---
title: VulnOps Reasoning Benchmark
emoji: 🛡️
colorFrom: blue
colorTo: indigo
sdk: docker
app_port: 7860
pinned: false
tags:
  - openenv
---
# VulnOps OpenEnv

`vulnops` is an OpenEnv benchmark for open-source vulnerability operations. The agent plays the role of a maintainer or security analyst working through incoming vulnerability cases, revealing supporting evidence, filling a structured draft, and submitting the correct next maintainer action.

This benchmark is intentionally not a bug-fixing environment and not a generic classifier.
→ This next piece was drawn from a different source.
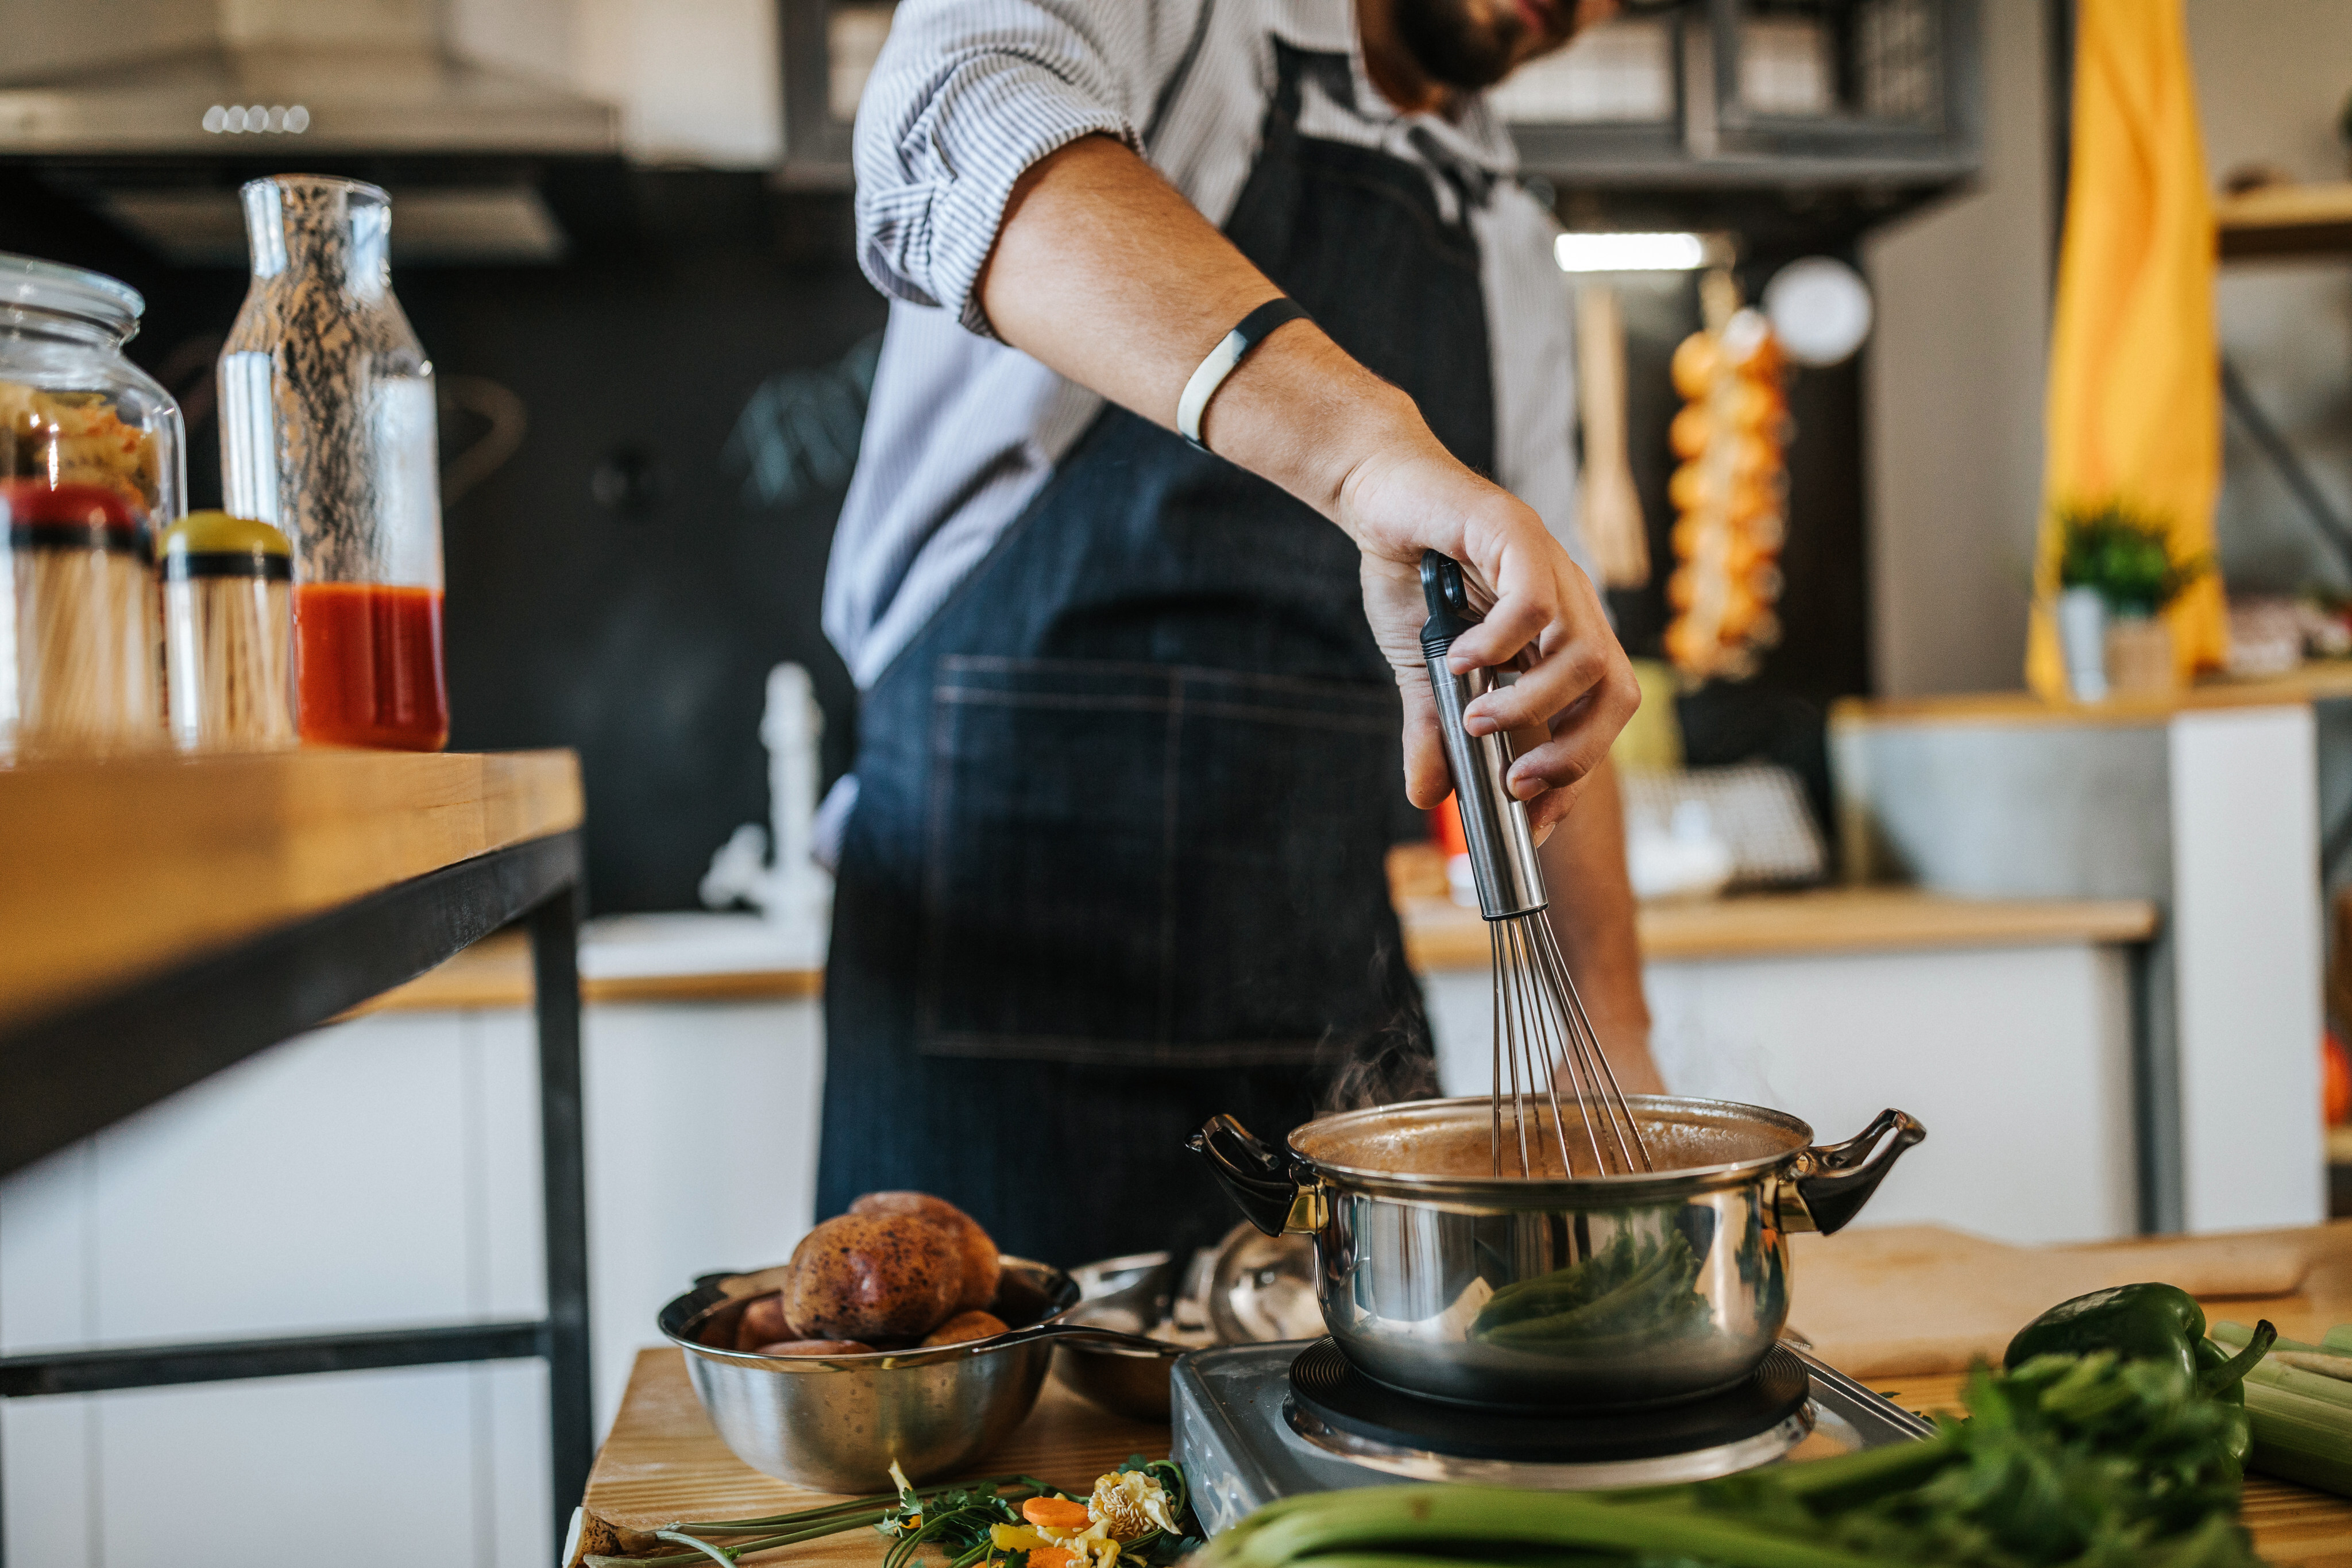 Demand for private and personal chefs has ballooned during the pandemic, offering the convenience and safety of having your food cooked for you in your own home. Photo: Getty Images

It models a real workflow: validating advisories, identifying affected packages and versions, weighing severity versus exploitability, and deciding whether to patch or publish an advisory.

## Data sources

The benchmark now pulls case data from live public vulnerability feeds at runtime:

- OSV for package identity, advisory details, affected ranges, and references
- NVD for normalized CVE descriptions and CVSS severity metadata
- EPSS for exploitability scoring signals

The environment normalizes those live responses into hidden ground truth on `reset()`. To keep tests, local development, and offline execution stable, each task also includes a bundled fallback snapshot that is used when the APIs are unavailable.

In addition to the task-specific fallbacks, the container now ships with a broader cache of 200 provider-backed fallback snapshots under `data/snapshots/`. That keeps the image self-sufficient and gives us room to expand the benchmark without depending entirely on live API availability.

## Why this is useful

- Real-world utility: OSS maintainers triage reports like these every week.
- Deterministic grading: each case has hidden ground truth and a reproducible scorer.
- Multi-step rewards: the agent earns signal for revealing good evidence and filling the draft correctly before final submission.
- Lightweight deployment: no VM, browser, or external datasets are required at runtime.

## Environment interface

The environment implements the standard OpenEnv APIs:

- `reset(task_id=...) -> VulnTriageObservation`
- `step(VulnTriageAction) -> VulnTriageObservation`
- `state -> VulnTriageState`

### Action space

`VulnTriageAction` has these fields:

- `action_type`: one of `read_report`, `inspect_evidence`, `search_nvd_database`, `fetch_commit_diff`, `message_maintainer`, `set_validity`, `set_affected_package`, `set_affected_versions`, `set_severity`, `set_exploitability`, `set_next_action`, `set_missing_information`, `request_more_info`, `submit_triage`
- `evidence_id`: used with `inspect_evidence`
- `value`: generic value for label-setting and missing-information actions
- `rationale`: optional free-form note

### Observation space

`VulnTriageObservation` returns:

- task metadata: `task_id`, `difficulty`, `objective`
- `report_summary`
- `visible_evidence`
- `available_evidence`
- `draft`
- `action_history`
- `steps_remaining`
- `score_breakdown`
- `final_score`
- standard OpenEnv fields: `reward`, `done`, `metadata`

## Task ladder

### 1. GuardDog Path Traversal
- Difficulty: easy
- Goal: Validate the report, identify the package and fixed range, and choose `patch`.

### 2. Invenio Multi-Branch XSS
- Difficulty: medium
- Goal: Resolve affected versions across multiple release lines and extract truth despite decoy severity signals.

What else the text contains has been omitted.